* _Dataset content_
-.-.-
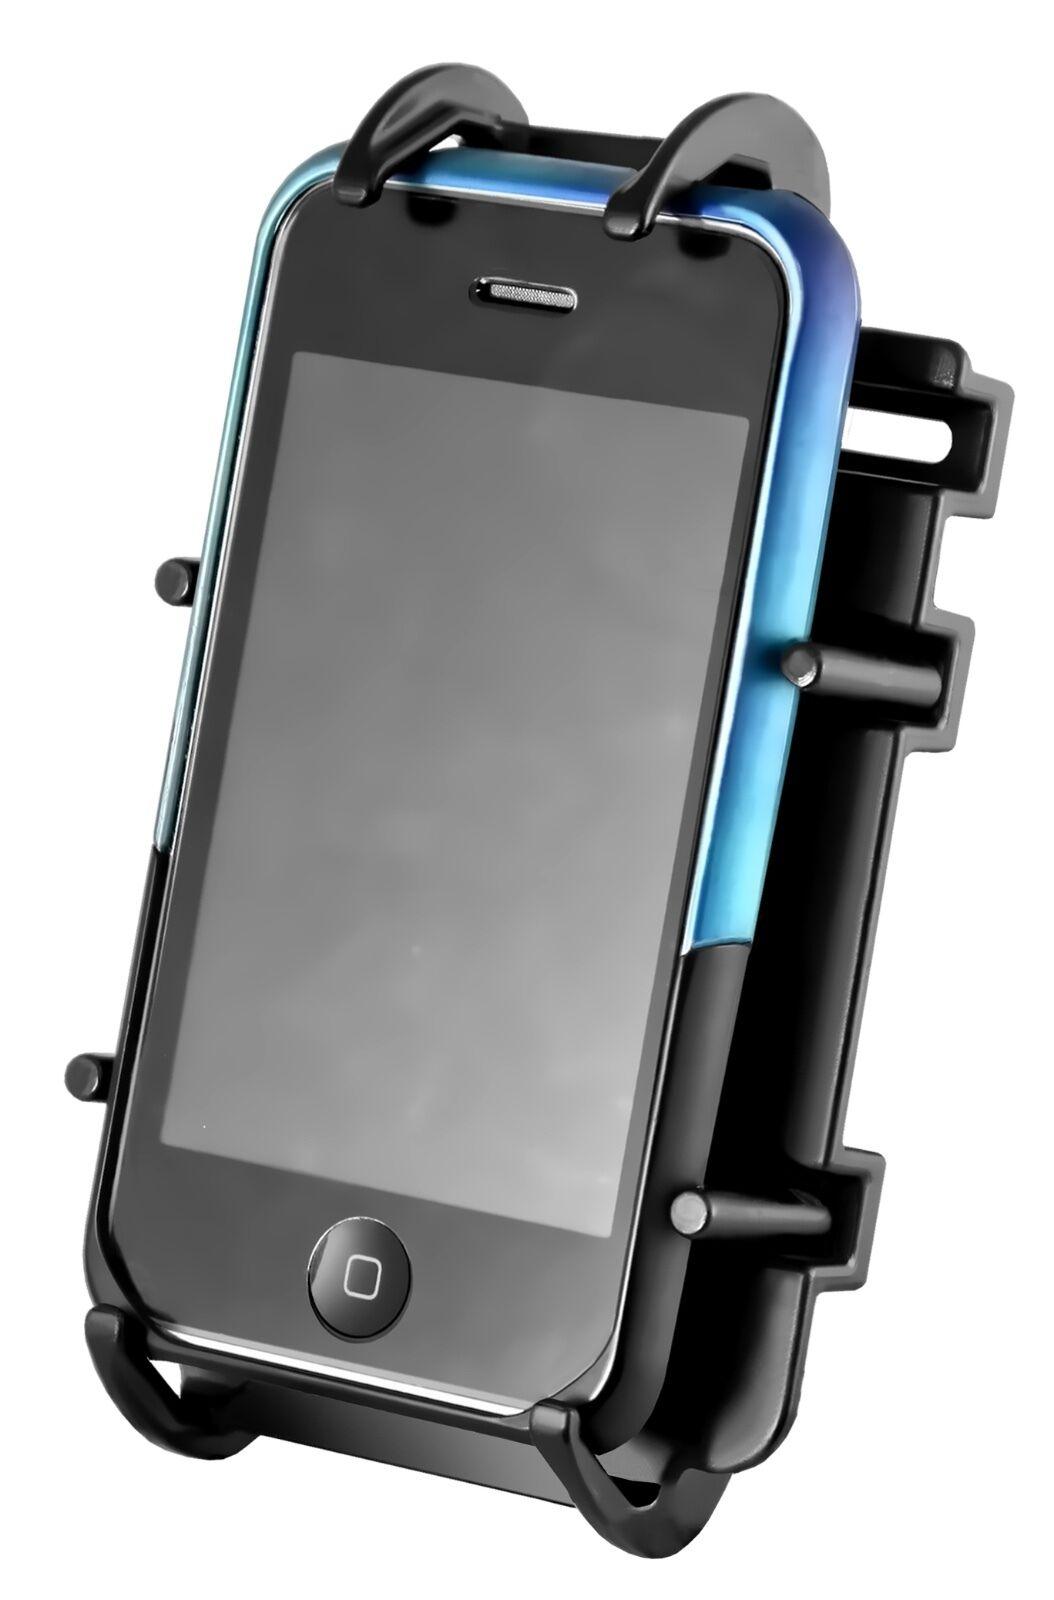 RAM MOUNTS (RAM-HOL-PD3U Universal Spring Loaded Cell Phone
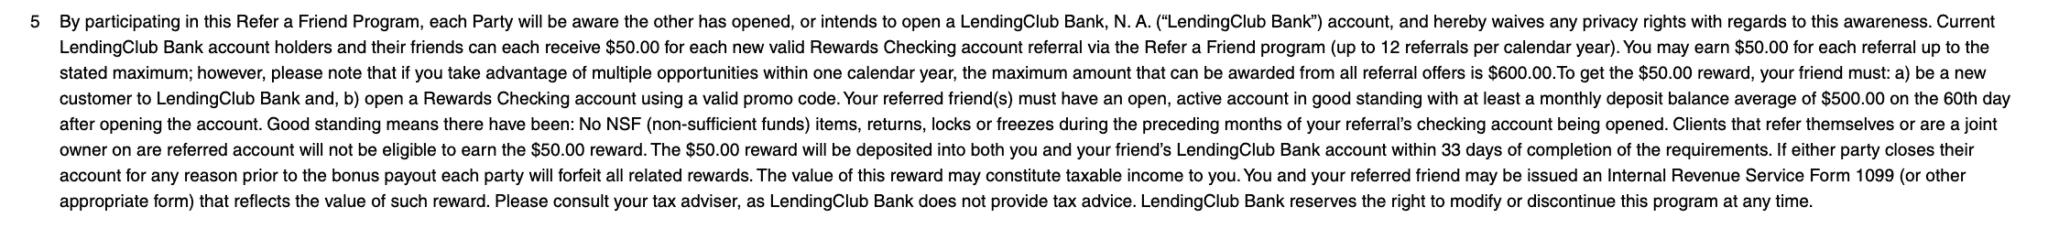 radius bank referral terms
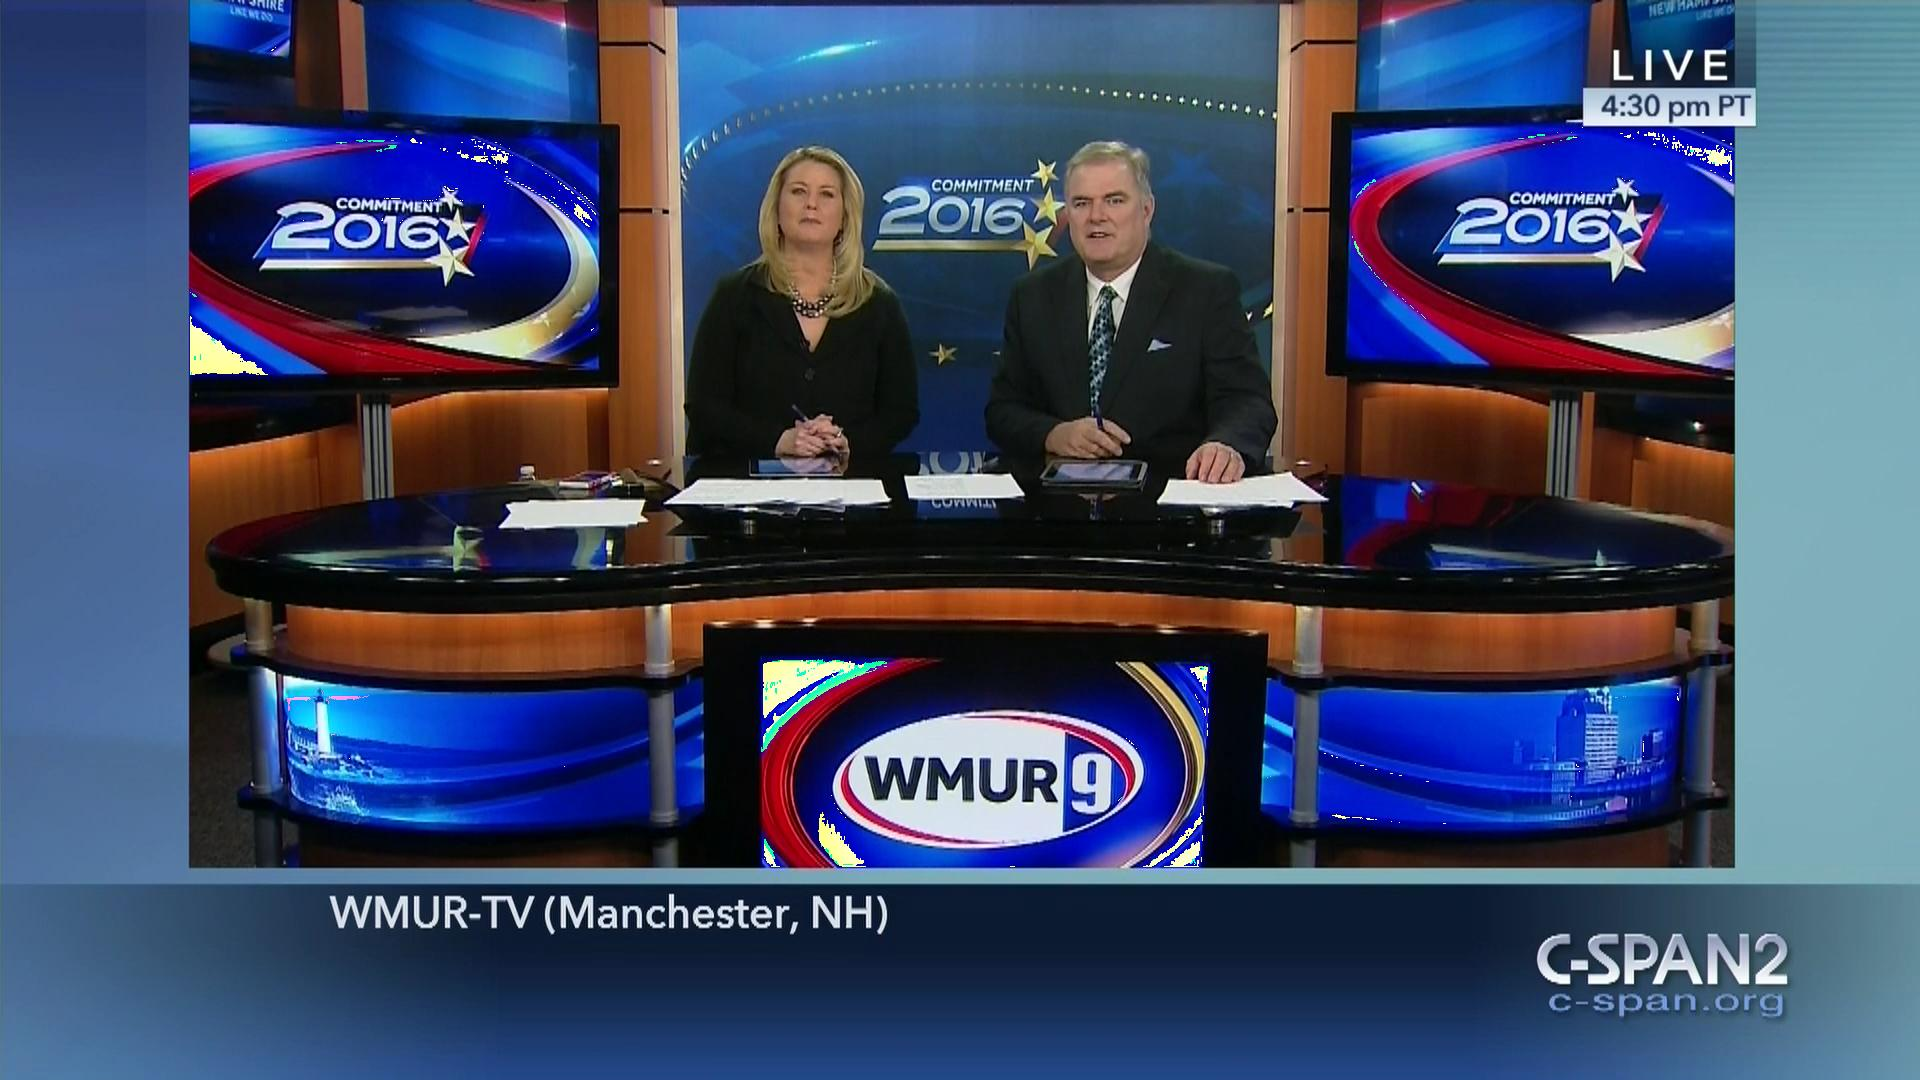 WMUR-TV New Hampshire Primary Coverage
-.-.-
Retype all of the listing above exactly, but keep its pictures out.

 RAM MOUNTS (RAM-HOL-PD3U Universal Spring Loaded Cell Phone
 radius bank referral terms
 WMUR-TV New Hampshire Primary Coverage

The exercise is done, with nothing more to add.